Republican presidential candidates are campaigning in the midwest state of Illinois ahead of the March 20th primary election. Republicans have been holding a series of contests to choose a nominee to face President Barack Obama, a Democrat, in the November presidential election. While the biggest city in Illinois - Chicago - accounts for a large bloc of voters, people in the rural and more conservative parts of the state could play a major role in determining who wins the Republican primary.  The economy and government spending are the biggest issues on the minds of voters as they head to the polls.

In his small shop on one of the main streets in downtown Pontiac, Illinois, Jon Sear is hard at work fixing computers.

He says he runs his business by following a basic principle.

“You can’t have [a] deficit.  You take in what you get, you spend what you have, other than that you don’t spend it.  It’s common sense,” Sear said.

Sear says that common sense is lacking in the state government of Illinois, where the estimated budget shortfall is over $11 billion.

As Republican presidential candidates campaign throughout the state, Illinois budget woes, and federal government spending are on the minds of many voters like Sear and his wife Amy.

“You worry because you don’t understand how spending more money will make things better when that seems like the total opposite.  You have to pay your bills as citizens, so you want the government to do the same thing I guess,” Sear said.

Polling shows former Massachusetts governor Mitt Romney is ahead of former U.S. senator Rick Santorum in Illinois.  While Romney might easily win the support of Chicago’s large group of moderate Republican voters, Santorum is positioned to do well in places outside the city, like Pontiac, Illinois, population 12,000.

In previous contests, Santorum has emphasized social issues, such as his stand against legalized abortion, to help him win more conservative voters over Romney.

But Jon Sear says that’s not how it’s playing out in Illinois.

“They’re important, but I think the budgetary issues are more important,” Sear said.
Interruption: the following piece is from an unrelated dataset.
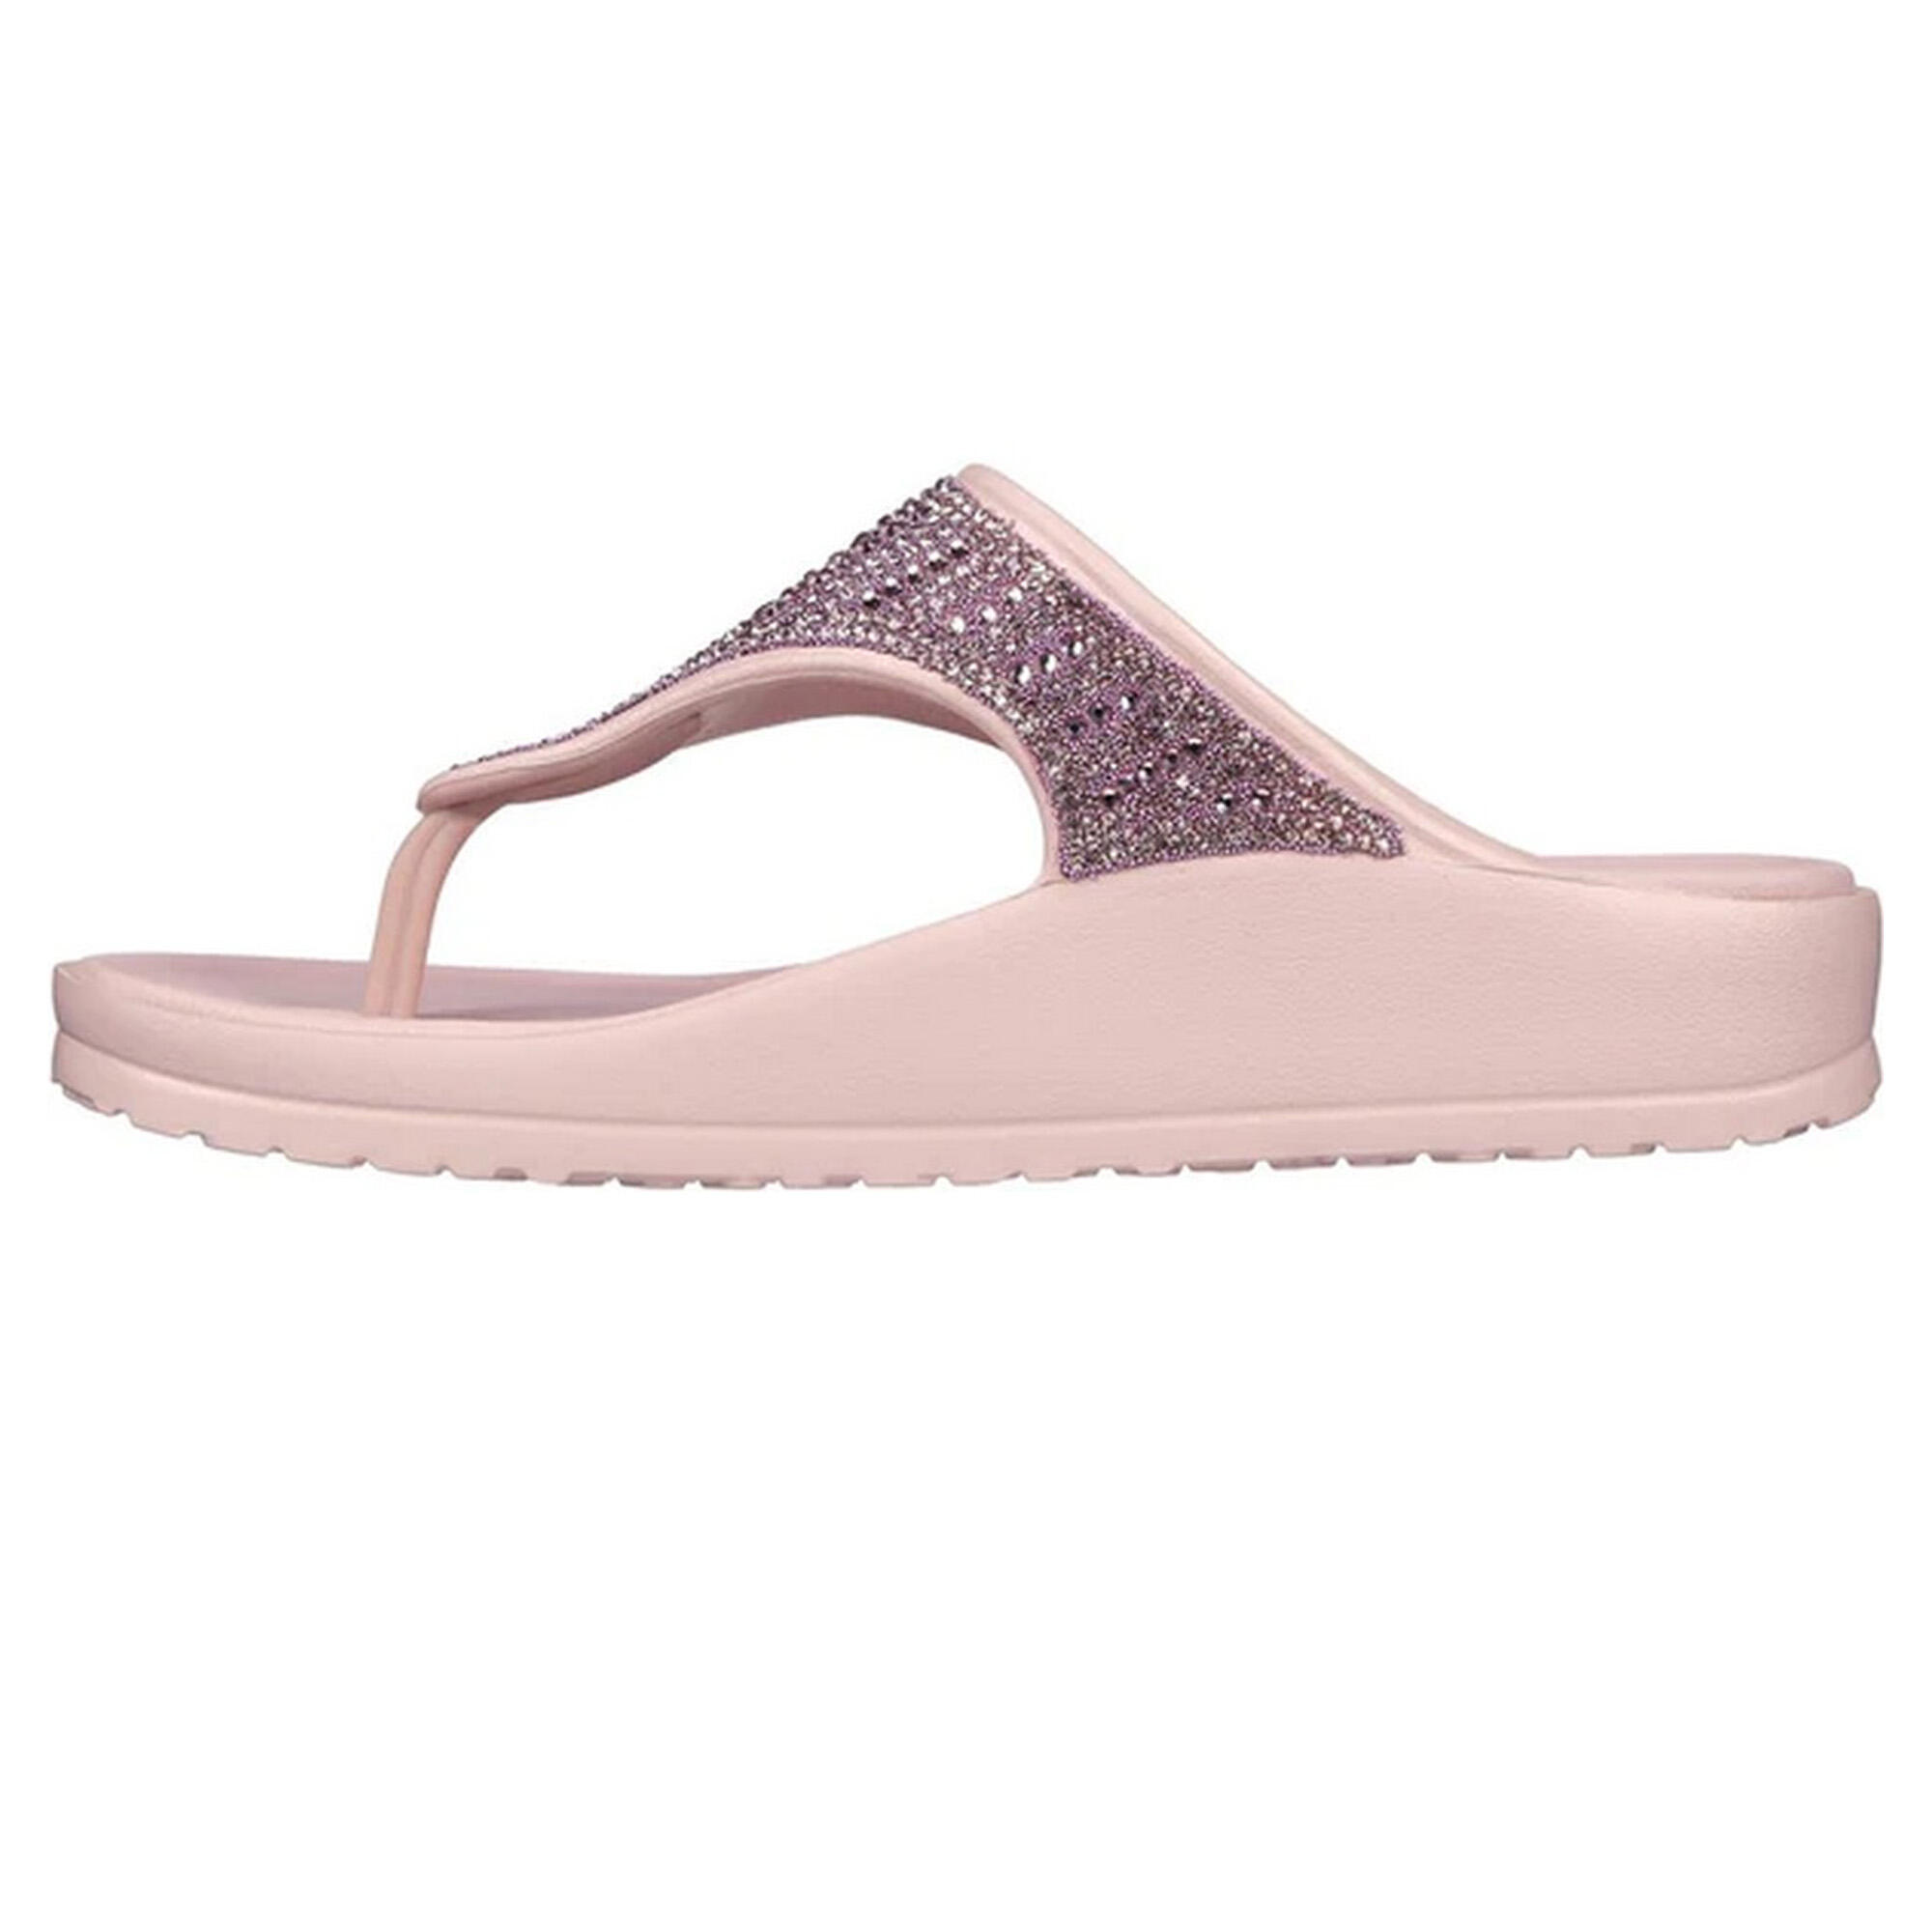 Womens/Ladies Cali Breeze 2.0 Love Glimmer Sandals (Mauve) 2/5

“I don’t think we have time for social issues,” said Jim McConoughey, the CEO of the Heartland Partnership, an organization working to stimulate economic development in Central Illinois. “I think social issues are tie breakers for a lot of folks, but everyone wants to get their neighbors back to work and wants to get places for their kids to work.”

Which is the biggest reason Amy and Jon Sear are so concerned about the future.

“When you have a child, you start to worry about those things.  What will life be when they reach adulthood?  How bad could it be by then? Will they live in a country like we grew up in and be able to raise a family of their own?,” Amy Sear said.

Jon and Amy Sear think Rick Santorum has the best answers to those questions, and want him to fix the country’s economic problems so Sear can continue to fix the computers that keep his town, and his family, in business.  It remains to be seen whether enough Illinois Republicans agree or whether they think Romney is the better choice to fix the nation's economic woes.